Laetesia germana
- Conservation status: Data Deficient (NZ TCS)

Scientific classification
- Domain: Eukaryota
- Kingdom: Animalia
- Phylum: Arthropoda
- Subphylum: Chelicerata
- Class: Arachnida
- Order: Araneae
- Infraorder: Araneomorphae
- Family: Linyphiidae
- Genus: Laetesia
- Species: L. germana
- Binomial name: Laetesia germana Millidge, 1988

= Laetesia germana =

- Authority: Millidge, 1988
- Conservation status: DD

Species of spider

Laetesia germana is a species of sheet weaver endemic to New Zealand.

== Taxonomy ==
This species was described in 1988 by Alfred Frank Millidge from female and male specimens. The holotype is stored in Otago Museum.

== Description ==
The female is recorded at 2.65-2.9mm in length whereas the male is 2.45-2.65mm.
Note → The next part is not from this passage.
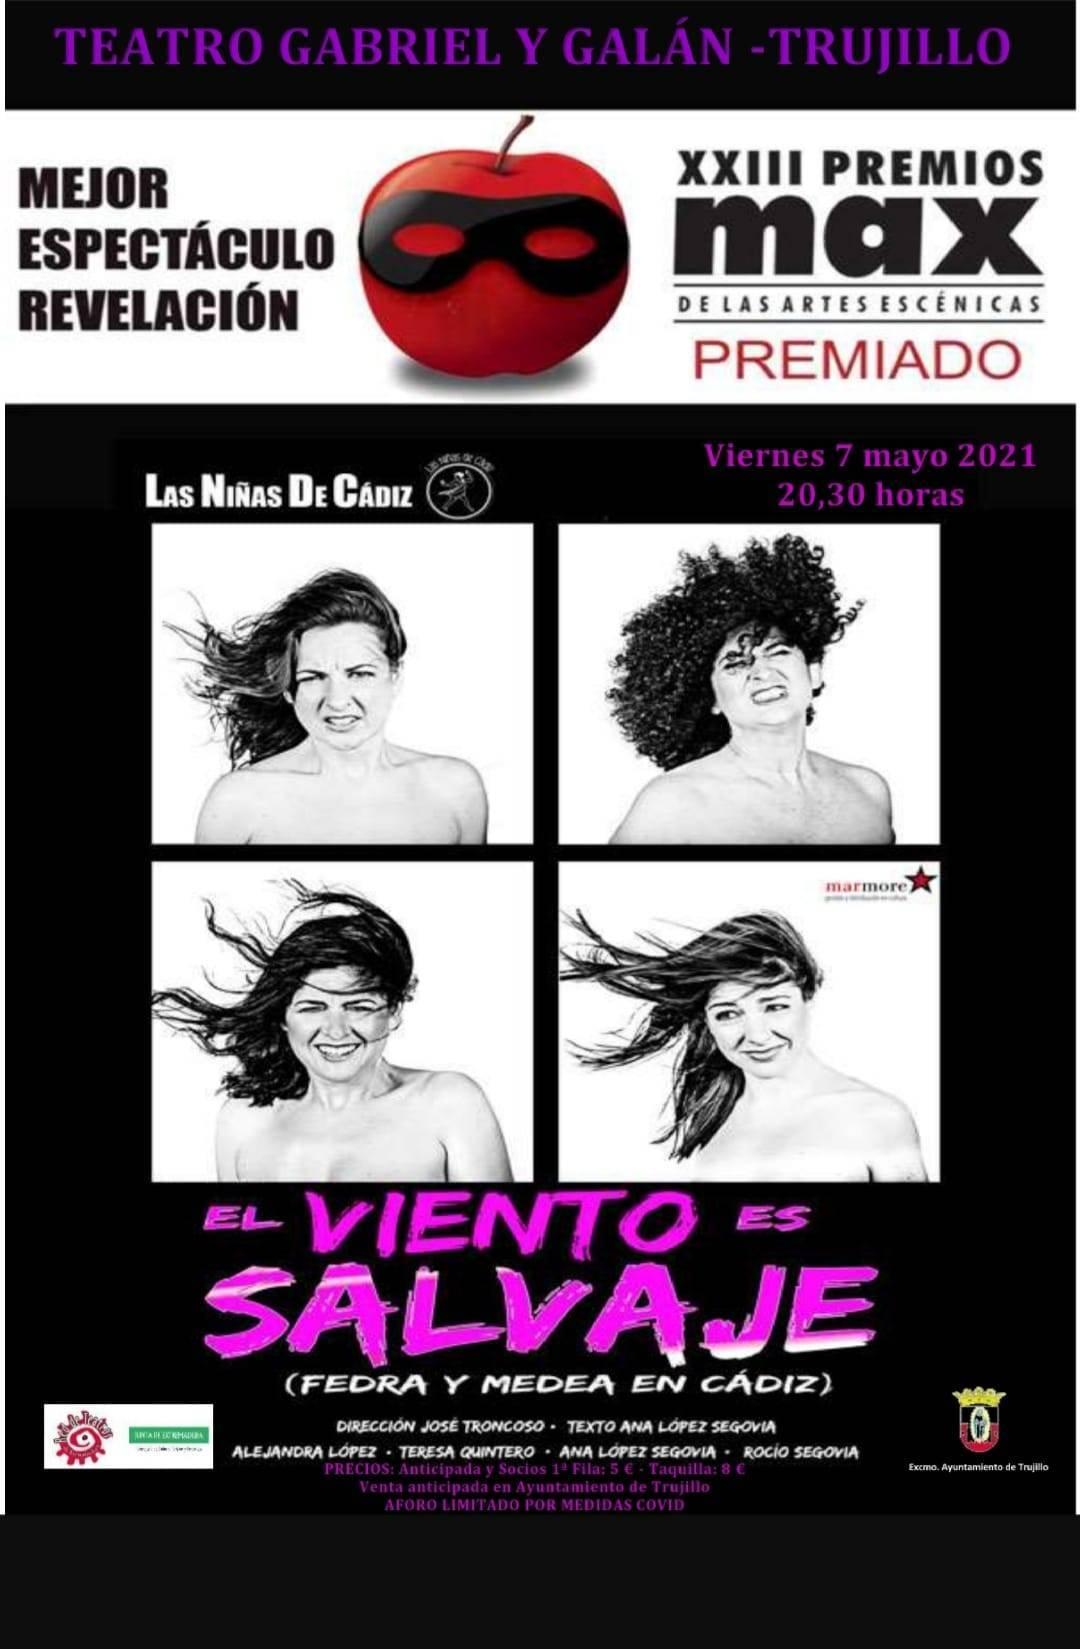 El viento es salvaje (2021) - Trujillo (Cáceres)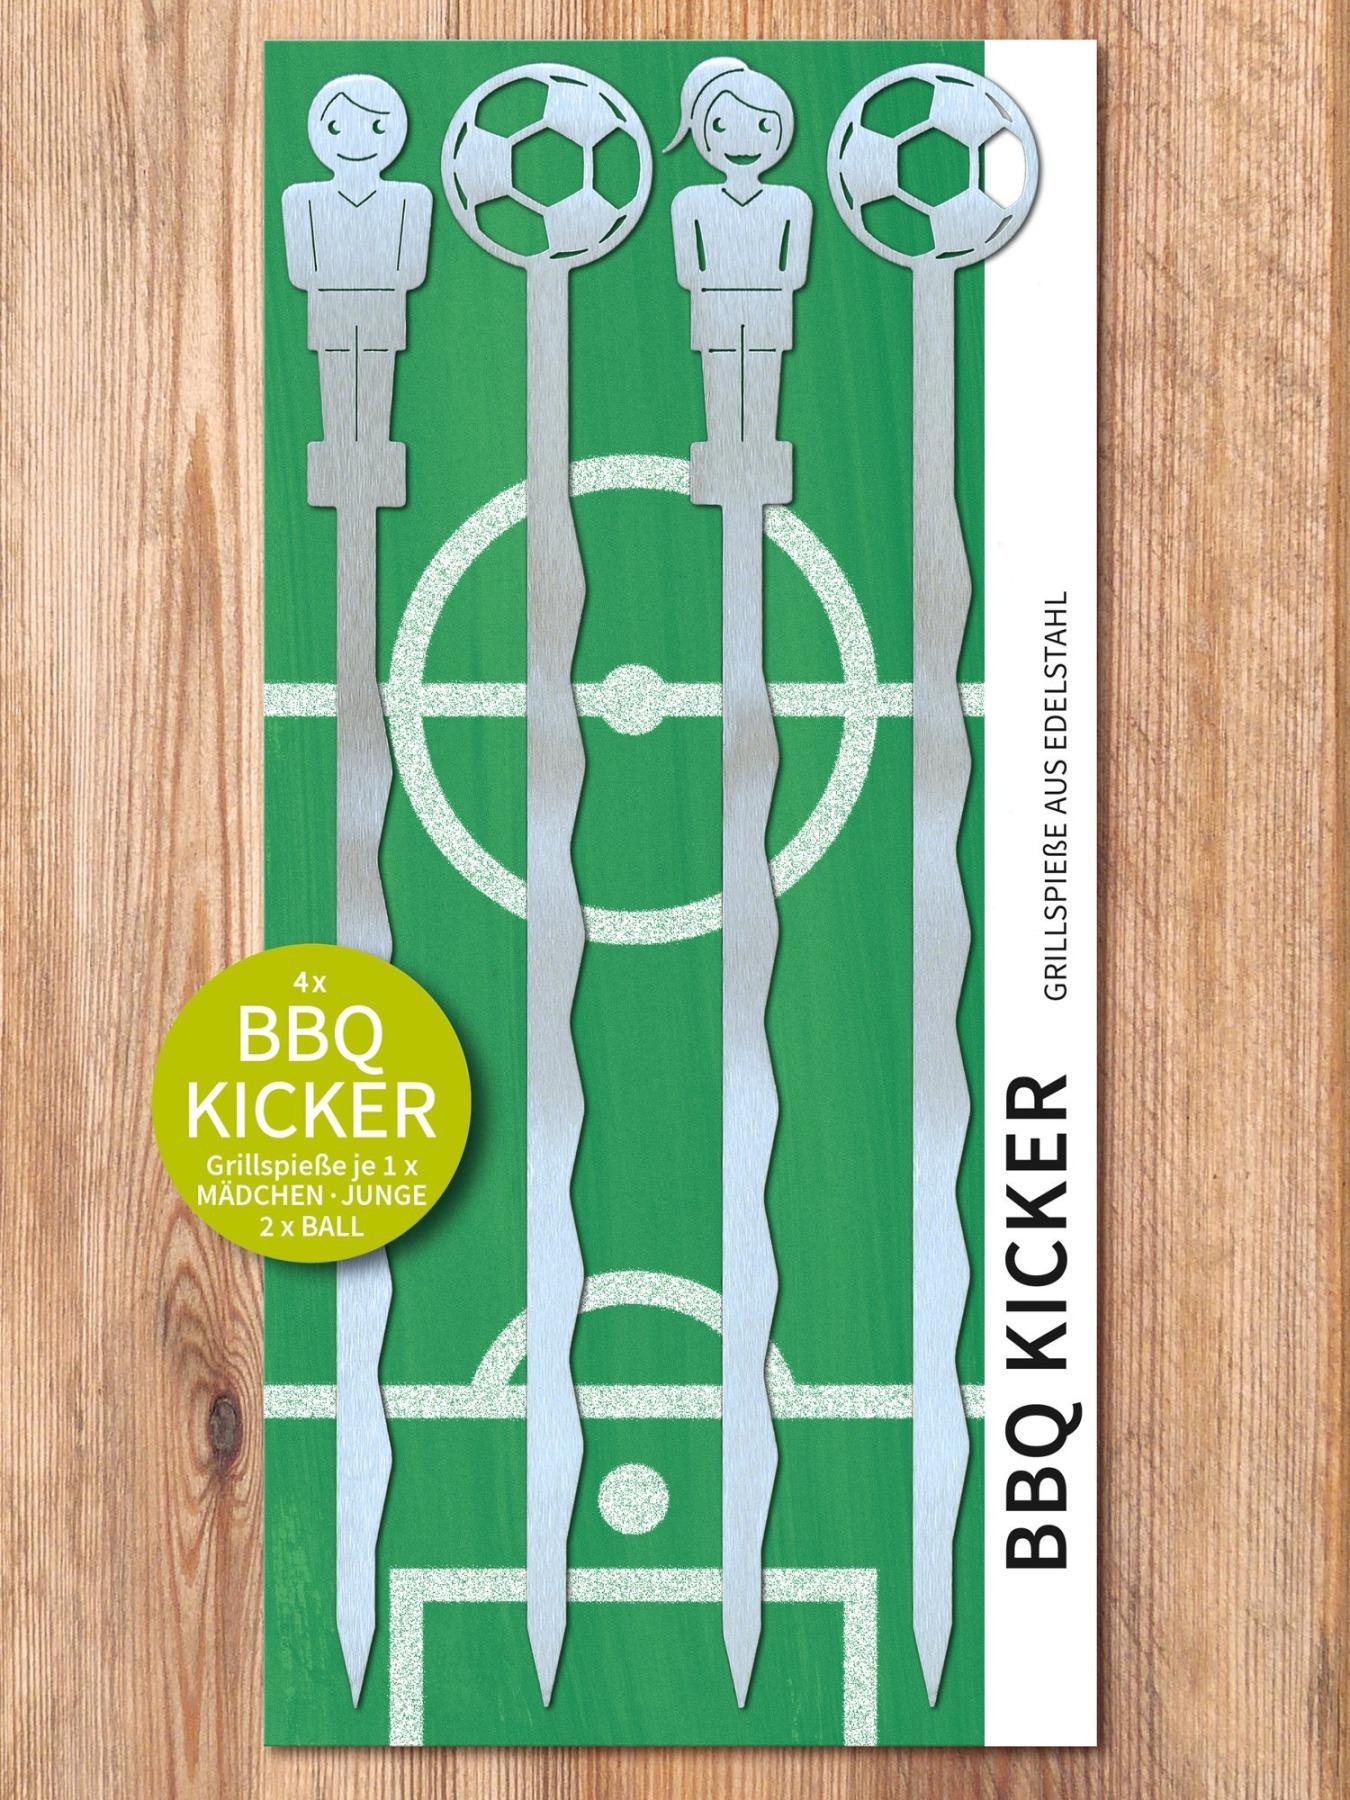 BBQ Kicker Grillspieße 2x - 2

This species has a yellow to orange carapace and legs. The female abdomen is yellowish grey with dark markings. In contrast the male abdomen is blackish with white markings dorsally.

== Distribution ==
This species is only known from the South Island of New Zealand.

== Conservation status ==
Under the New Zealand Threat Classification System, this species is listed as "Data Deficient" with the qualifiers of "Data Poor: Size" and "Data Poor: Trend".